Set upon a hand-built chassis that was constructed in January 1964, the prototype Mustang coupe includes numerous components stamped with codes that date as far back as the previous summer. According to Barrett-Jackson’s chairman and CEO Craig Jackson, those components—along with the hand-built nature of this car—provide insight into the strategies, thought processes, and philosophies implemented by Ford’s team of engineers and designers as it conceptualized the soon-to-be-iconic automobile.

Ford's first pre-production hardtop Mustang.

The car’s hand-built chassis was constructed in January 1964.  Photo: Courtesy of Barrett-Jackson.


Although this example was the first production Mustang with a six-cylinder engine, the car wasn’t constructed with many bells and whistles, which likely explains why it took months for the car to sell off of a Canadian dealership’s showroom floor. In Jackson’s opinion, the fact that the car was even offered for sale—and not eventually destroyed by the Detroit automaker (or retired to the Henry Ford Museum)—is remarkable. Jackson also believes that the car’s simplicity makes it a desirable collector’s piece. “It’s not so much what’s in it,” Jackson says of the car, “but what changed after it. This is a time stamp of what they thought was the best thing to do at that time. This car is a piece of history. It was the start of the Mustang, which became a cult car for generations. This is the nexus of that.”

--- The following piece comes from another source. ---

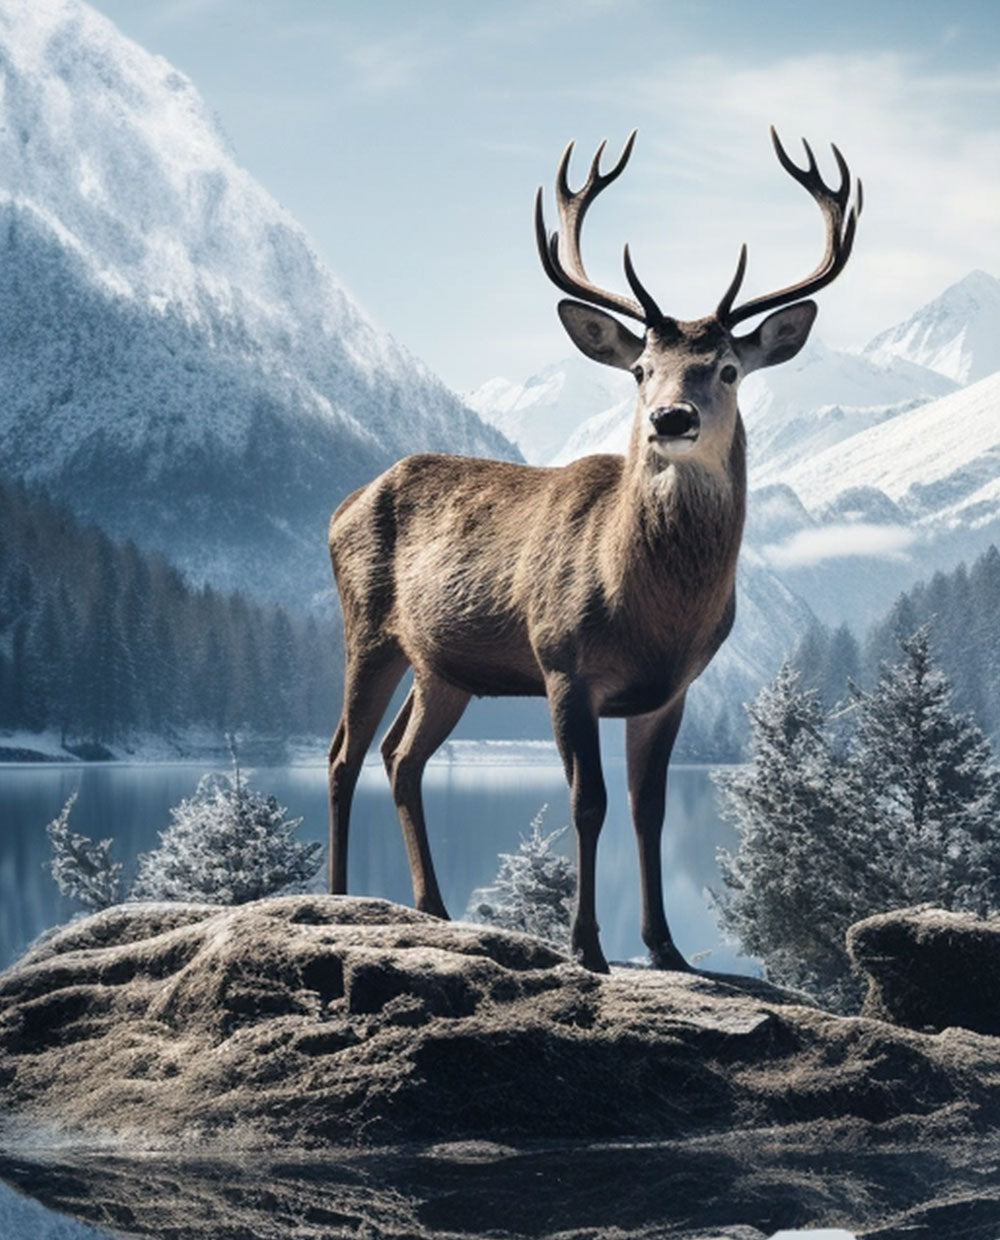 A winter deer

Ford's first pre-production hardtop Mustang.

The interior, awash in a sea of blue.  Photo: Courtesy of Barrett-Jackson.

Jackson describes the car as “iconic” and a “gem for any Mustang collector,” and believes that it belongs in a select group of rare Mustangs and Carroll Shelby-built automobiles, including Shelby’s personal 1969 GT 500 Convertible, which Barrett-Jackson sold for $742,000 in 2008.

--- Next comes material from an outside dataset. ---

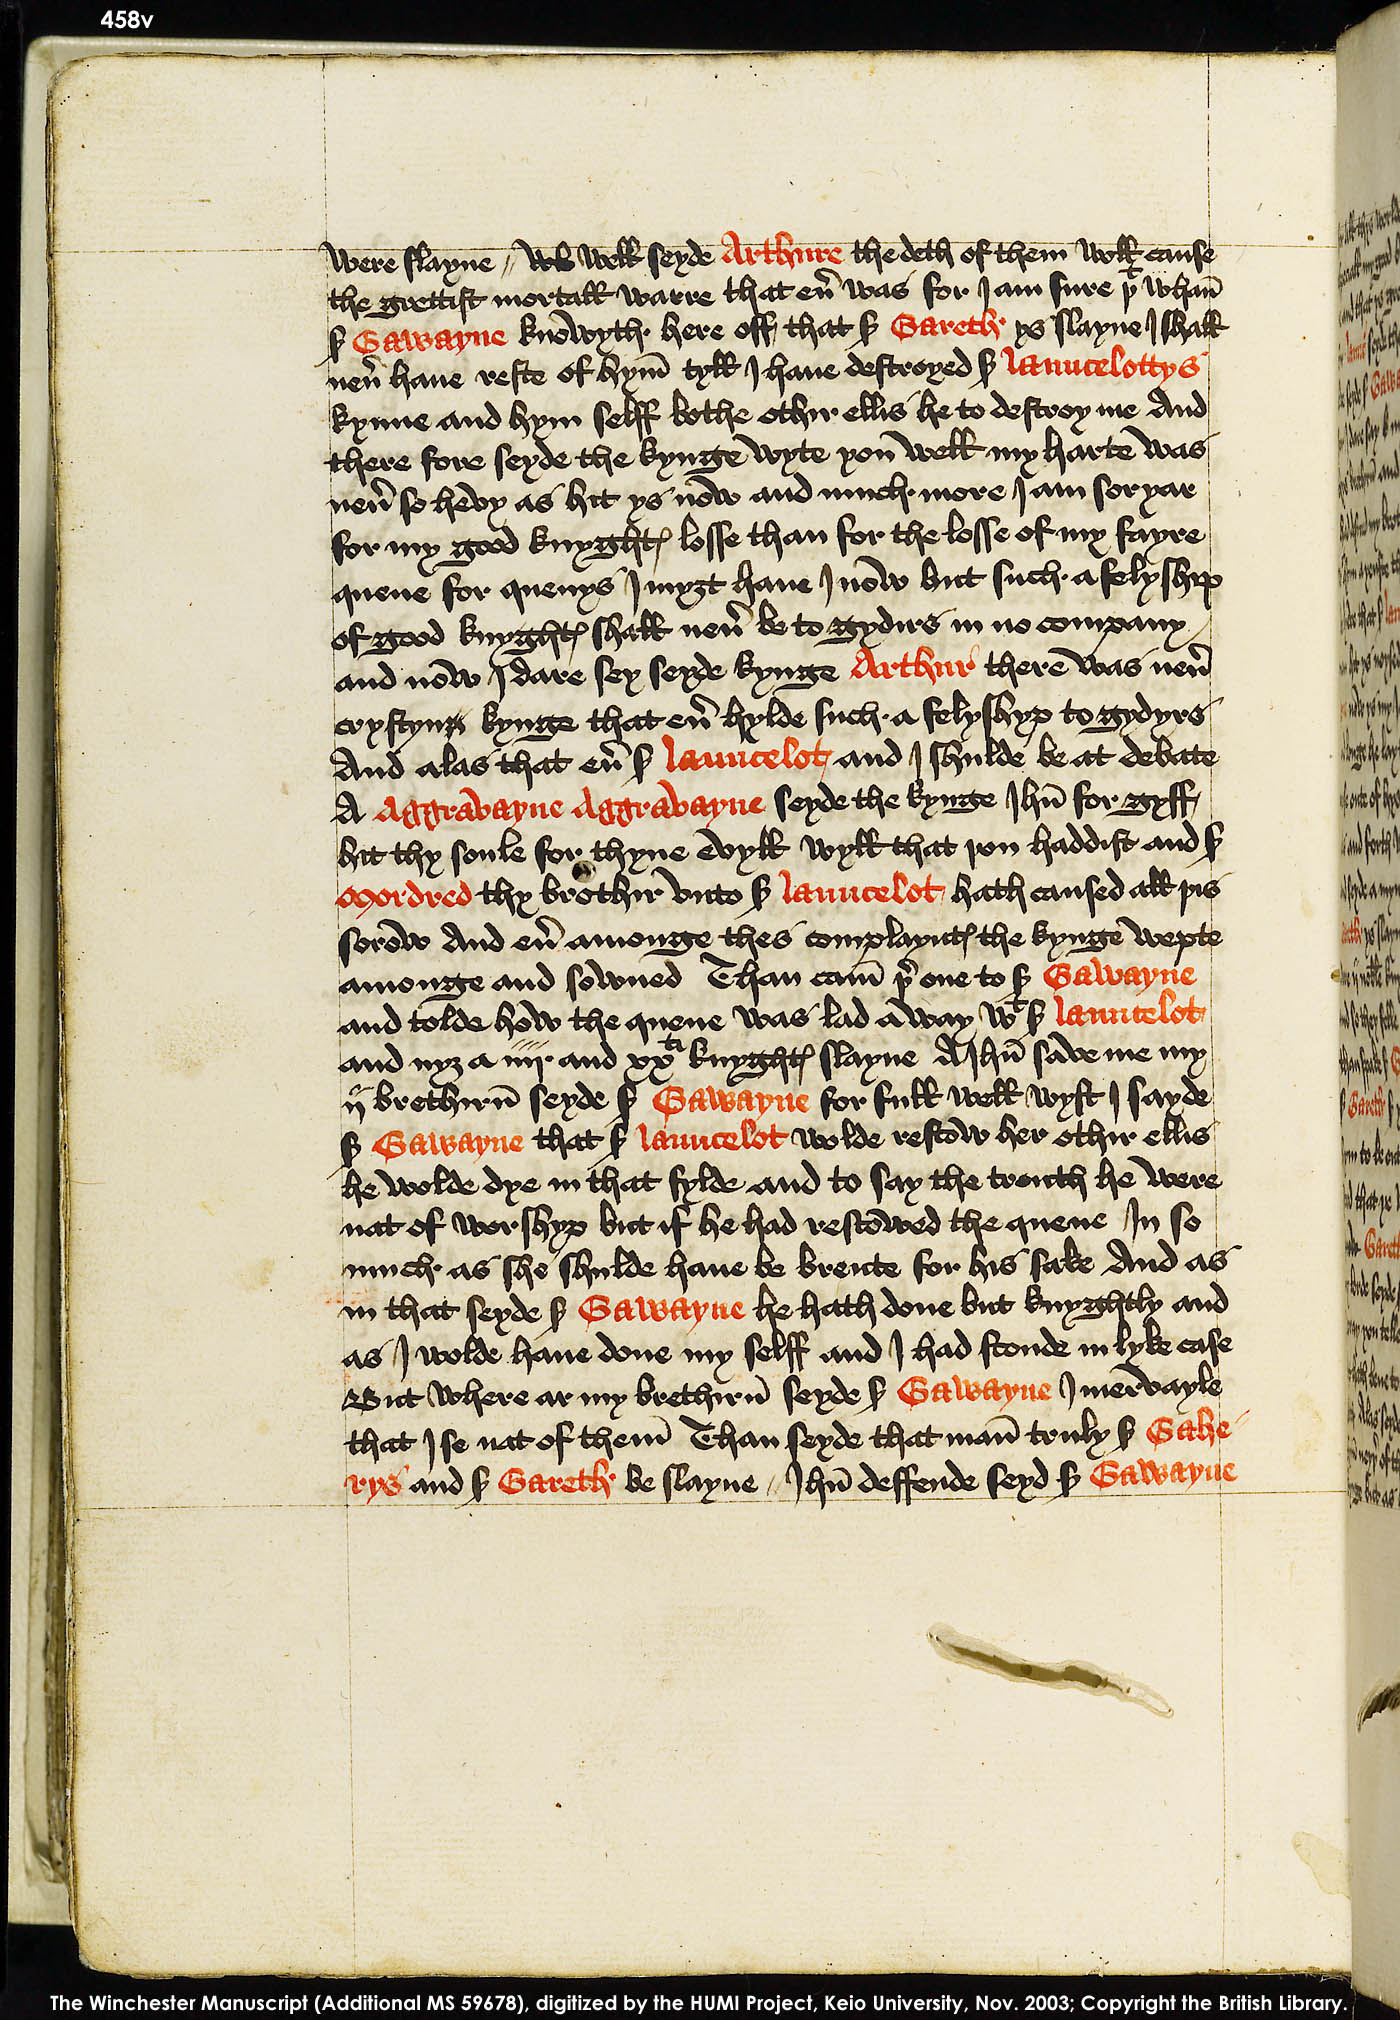 Folio 458v

Because it’s not equipped with power steering and because it showcases some unique finishes, like lead-filled body seams, which were typically used for show cars or automotive displays, the Mustang prototype isn’t well-suited for daily use; however, Jackson still believes it’s a car that any future owner should drive—and would enjoy driving—albeit on a limited and very careful basis. “It’s only original one time,” he says, “so exercise it sparingly.”